Nous venons, en effet, d’entrer dans un pays de pierres, dans une Arabie plus pétrée encore que l’autre, sans pâturages, sans végétation, hormis ci et là un figuier solitaire qui confit abrité sous des roches grillées, quelques bouts d’herbages où paissent des moutons maigres. Néanmoins, libres que nous sommes désormais, et tout réjouis de n’avoir plus à auner nos étapes, ni à restreindre ou à prolonger nos haltes au gré d’un cocher soucieux, nous cheminons avec bien plus de gaieté qu’à l’ordinaire, et, réunis tout à l’heure en assemblée souveraine, nous votons à l’unanimité qu’à l’avenir plus de voiture de secours ne nous accompagnera dans nos excursions.

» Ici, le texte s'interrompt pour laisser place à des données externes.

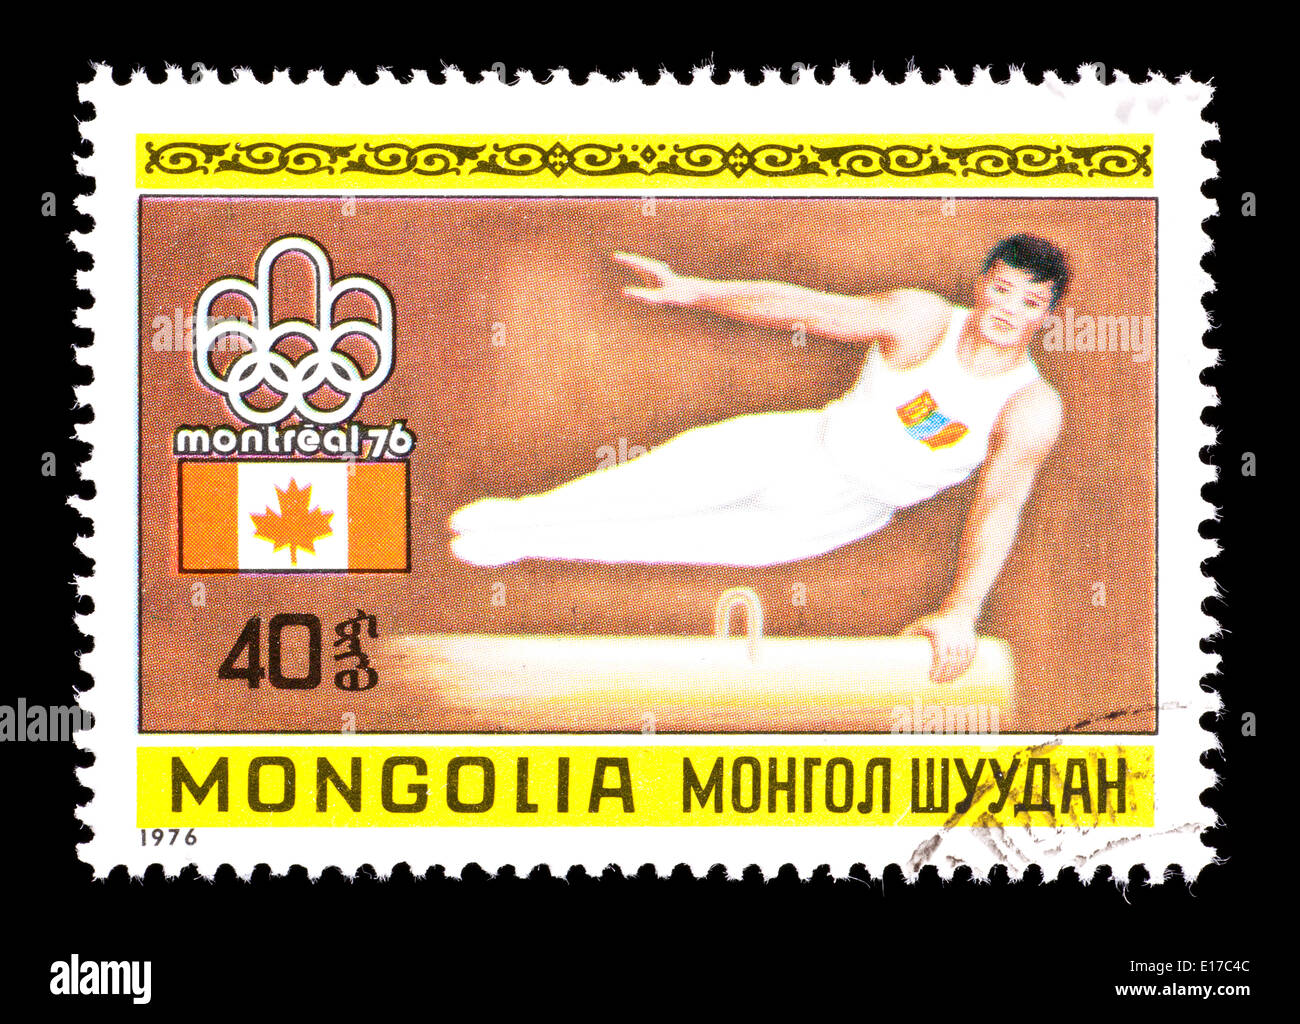 Postage stamp from Mongolia depicting a male gymnast on the pommel horse, issued for the 1976 Olympic Games in Montreal, Canada. Stock Photo

De Grasse à Saint-Vallier, où Bonaparte déjeuna sous l’ombrage d’un gros tilleul, nous ne rencontrons qu’une caravane de messieurs à cheval et une petite fille qui vend des figues exquises. Mais de quoi donc déjeuna Bonaparte ? Pour nous, nous déjeunons de lait de chèvre, de débris de viande, de café limoneux, le tout si rare, si rare, que nous ressemblons bien plutôt à des gens qui jeûnent qu’à des convives qui déjeunent.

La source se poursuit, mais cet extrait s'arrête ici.